Keep in mind that everyone has different priorities. For instance, I'm really sensitive to timing problems. I can perceive timing problem on the order of a few milliseconds. (For instance, have you ever talked on a VOIP phone and noticed that the sound is out-of-sync? That type of stuff makes me nuts.) Getting the timing right is very important to me, and the timing of most vented subs is just awful on the low end. Like when i hear the subs at IMAX theaters, it just makes me want to run out of the theater screaming.

Go get a copy of Hornresp and play around with this stuff. Take a look at the group delay curve. You'll notice that the back-loaded horns that PWK is selling have half the group delay of a vented box. So even though they're "SPL boxes", I'd bet they sound more natural than a typical vented box, due to the reduction in group delay. Tapped horns work the same way. The advantage of a tapped horn is a smaller footprint and they're pretty idiot-proof to build. The reduction in group delay is because the rear wave is only 90 degrees out-of-phase, instead of 180.

Keep in mind for sheer output, it's all about displacement. If you're goal is SPL, you're going to get better numbers using a lot of power and a lot of displacement. (IE, lots of woofers, lots of power.) Some of my older posts don't reflect this view, and I changed my mind once I realized that the car cabin could be used to horn load a plain ol' sealed or vented box. (As long as you locate the box to excite the natural standing waves of the cabin.)

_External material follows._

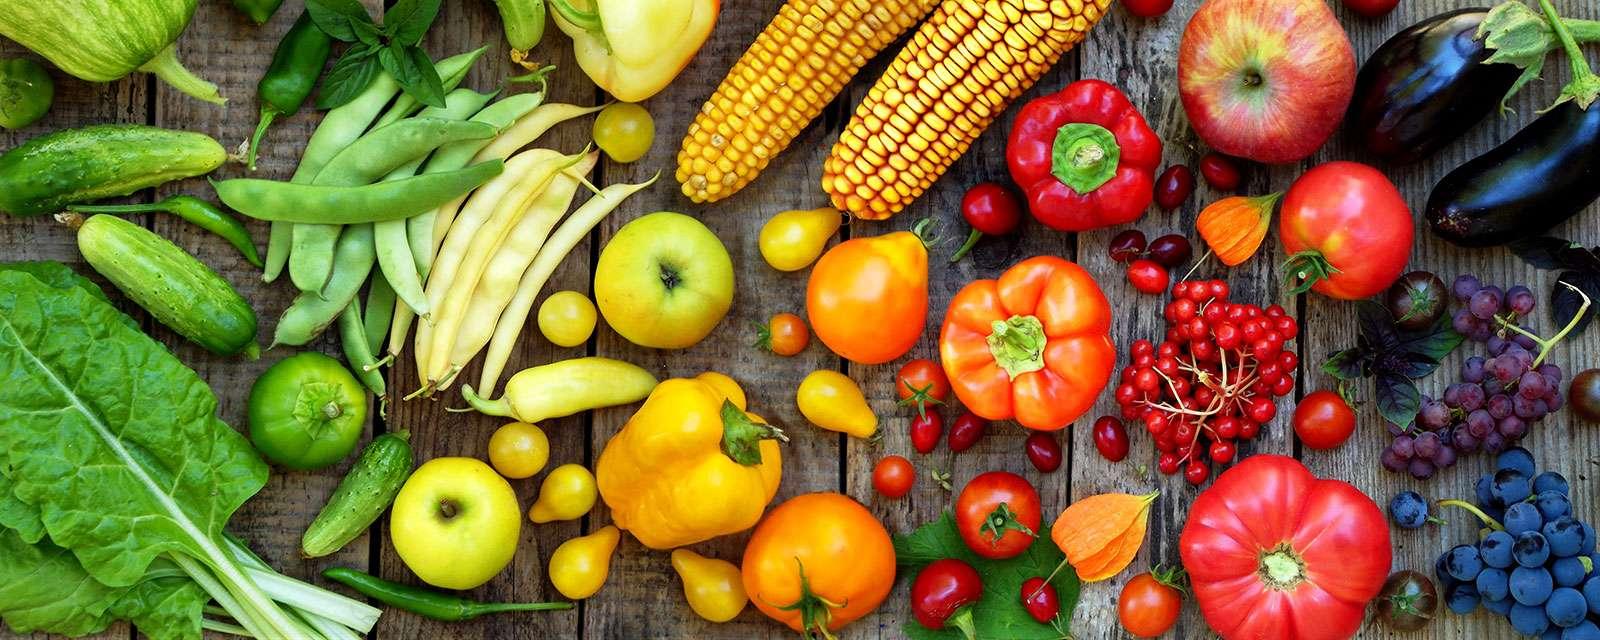 Como saber o que é saudável para se comer?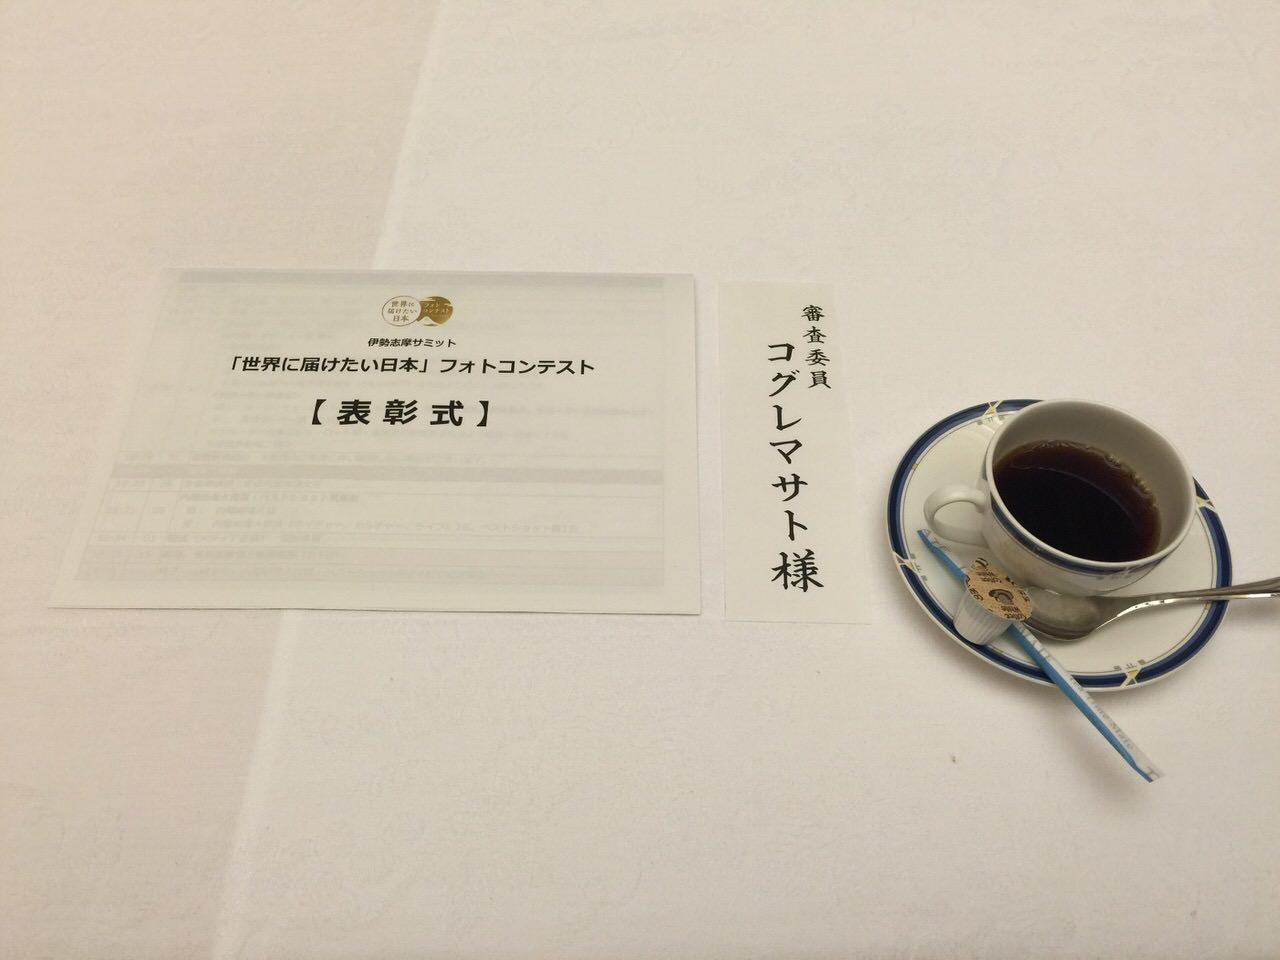 首相官邸で行われた伊勢志摩サミット「世界に届けたい日本」フォトコンテストの表彰式に参加→ 受賞者のみなさん、安倍首相、SKE48にお会いしました

* Audio Psychosis • View topic - How to Build a Bass Weapon


----------



## johnvroom (May 5, 2009)

Well I dont think I have heard a convincing argument for a horn loaded bass in the car yet. a fun experiment perhaps, but how can it make my life better (in two or three sentences not the multi page rant please)


----------



## Patrick Bateman (Sep 11, 2006)

johnvroom said:


> Well I dont think I have heard a convincing argument for a horn loaded bass in the car yet. a fun experiment perhaps, but how can it make my life better (in two or three sentences not the multi page rant please)


Quarter wave resonators have half the group delay of a vented box. If you're senstive to timing problems like I am, you'll probably prefer the sound of a QWR. Go grab a copy of hornresp and take a look at the group delay curves.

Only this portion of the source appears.